I guess if a crazy modern religion were going to advertise on Urban Dictionary, perhaps someone looking up "shiksa" -- who's potentially having a theo-identity crisis -- might be the right target. And I know these bulk ad buys don't get to choose every site their ads arrive on. [And in fact, the ads are all over UD, not just on the shiksa entry.]
But it seems like a strange spot to try to win converts for your funky religion. I mean, most of the kids on Urban Dictionary probably like to mock-and-point at Scientology videos when they're not making racy videos of themselves or saying "nothing. wat RU doing?" to each other on Facebook. It just strikes me as an odd choice.
(As does the use of a cross -- as in crucifix -- in the "I" of the Scientology logo in these ads. Really? You use the symbol of a completely different religion in your logo? Does the cross just have great, mass theo-appeal? So it lends theo-credibility? Like the viewer thinks, "Well, that Tom Cruise might be a total nutjob, but I can respect a sect that's down with the whole cross thing.")
Anyway, as always, Web ads amuse me. I always expect them to be more finely tailored to the perfect niche audience that the Web enables -- Voice-Recognition Software for Jackasses Who Blog about Religion and Vocabulary and Web Ads While Avoiding Paying Work! -- but in the end they're so often like any other mass ad medium. A buncha crap you don't want, to be bought by each minute's sucker. Only more unintentionally funny.
I can't wait to see what ads appear** next to THIS post.
**so far: travel ads for Tonga. *shrugs* Of course!
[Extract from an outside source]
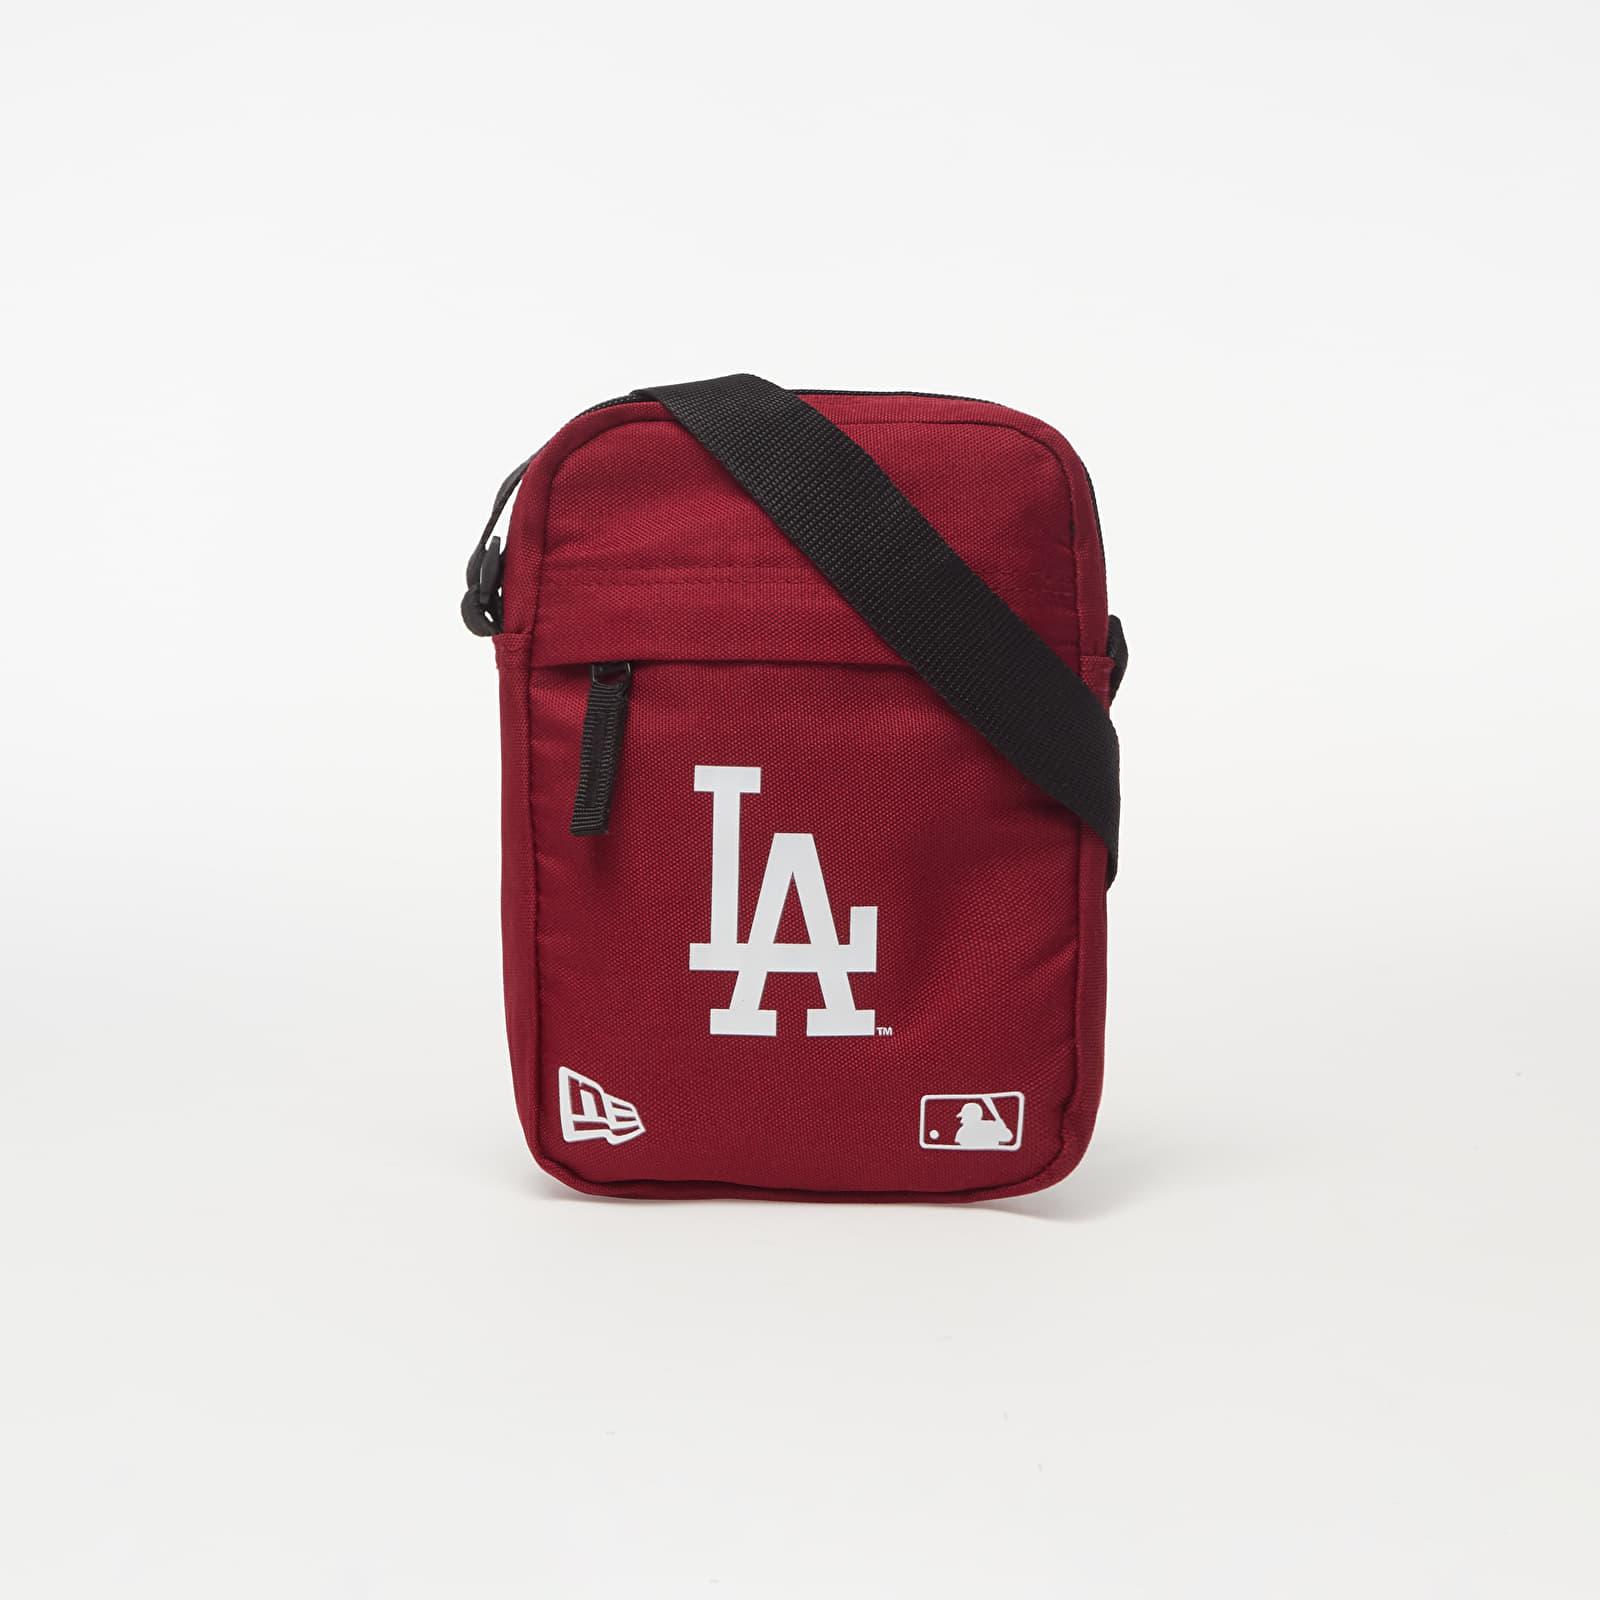 Taschen New Era MLB Los Angeles Dodgers Side Bag Maroon

Why not?
As you may have noticed, the site has changed. Sampa, the free-site host, did a version 2 of some sort.
Despite an FAQ that made it sound like allowing one's site to go through v.2 surgery would be okay, there were several flexibilities that surprisingly disappeared with the click of a button. (e.g. I cannot believe sidebars like this one are even narrower than before.)
And I'm told -- miraculously! -- that the conversion cannot be undone. Truth be told, I'm actually quite pissed. But free is free. Sampa has otherwise been good to me.
So I need to sort through site "features" to see how I can make do. Except that I don't have the time at the moment, in the middle of graduate classes and Lighthousehockey.com. (btw, I've removed that Lighthouse RSS feed so that you're not clogged with random Islanders hockey gibberish).
But I promise to touch up the accessories when I get a chance, and return to irregularly scheduled blogging.